The final report detailed the technical aspects of the program. It also stressed the issue of privacy.
“The concept requires no transmission of vehicle travel locations, either in real time or of travel history,” the report said. “Accordingly, no travel location points are stored within the vehicle or transmitted elsewhere. Thus there can be no ‘tracking’ of vehicle movements.”
Also, the report said, under the Oregon concept of the program, “ODOT would have no involvement in developing the on-vehicle devices, installing them in vehicles, maintaining them or having any other access to them except, perhaps, in situations involving tampering or similar fee evasion activities.” (source)
That word being – currently.
Using the words except and perhaps still illustrates the tendency for government to expand beyond original statements of intent. The camel’s nose in the tent saying comes to mind.

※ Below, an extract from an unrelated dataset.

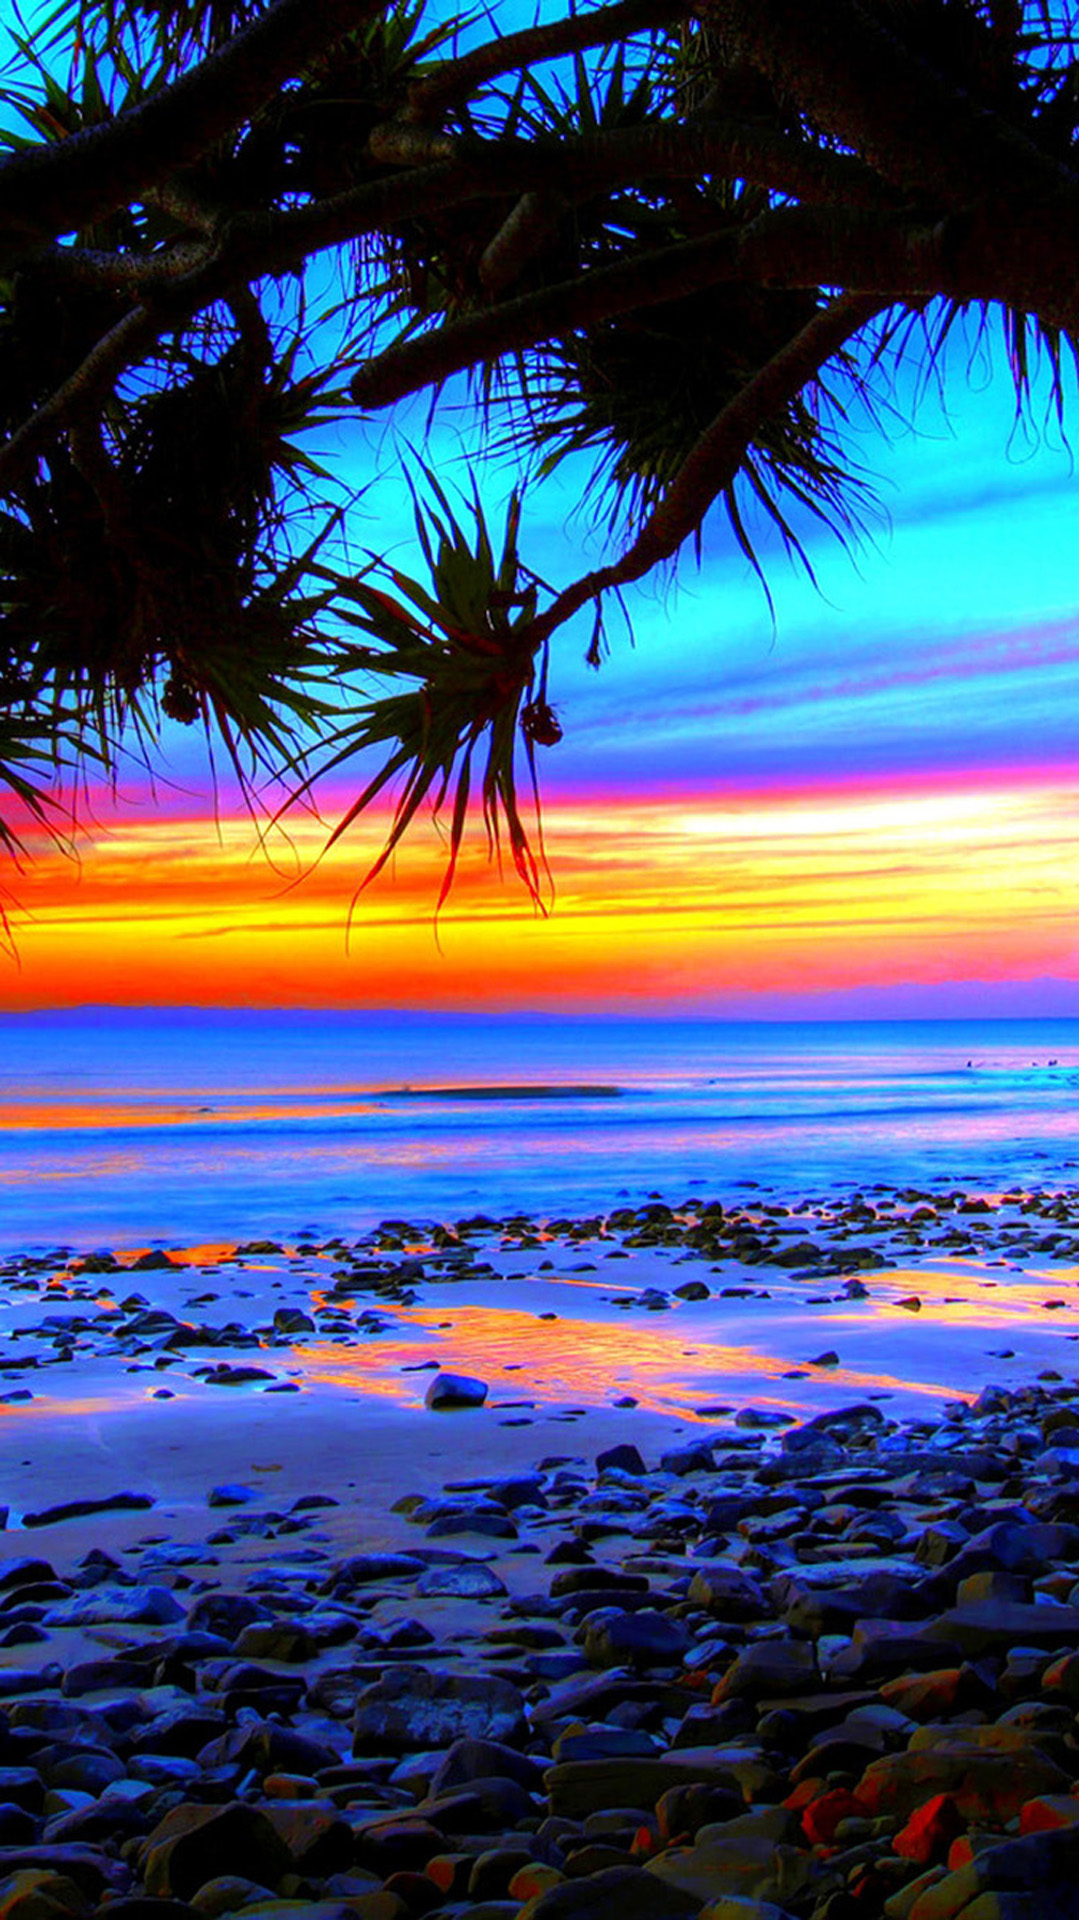 Iphoneのビーチの背景 トロピカル壁紙hd 450x800 Wallpapertip

So, the government is planning to require you to add tracking technology to your personal transportation, that can be used to track your location, but they are not going to do that? Yes, nothing could possibly go wrong there.
I’m pretty sure Ohio didn’t set up it’s tax records, child support payments system and traffic ticket record keeping as means to harass people using their first amendment rights, though Joe the plumber might reasonably have some doubts about that now.
As at least one comment at the article noted, if you drop the tax on gasoline and use this method, it prevents out of state drivers from contributing to highway/road maintenance even though they still use the roads. It will be interesting to see how that objection is dealt with. Will they still try to go forward with this program and decide to keep the direct tax on gasoline, rather than just raise the gas tax? Or will they drop the gas tax and let that argument continue to be voiced louder so that eventually a federal program will need to be created to manage this interstate commerce? It’s not like the U.S. Supreme Court hasn’t used a constitutional clause to do just that in other matters.
There seems to be a fetish like attraction to technology and it’s use by government to find as many ways to tax us as possible. While technology itself can be amoral, it’s obvious that how it is used can have serious moral implications. This is even true despite the stated intent of those who propose this or that program. There is such a thing as unintended consequences; it would be nice if the bureaucrats and technocrats would be farsighted enough to consider that. Then again, perhaps some of them do and have no problem with the immoral actions that will eventually result.
Not that they will currently admit to that.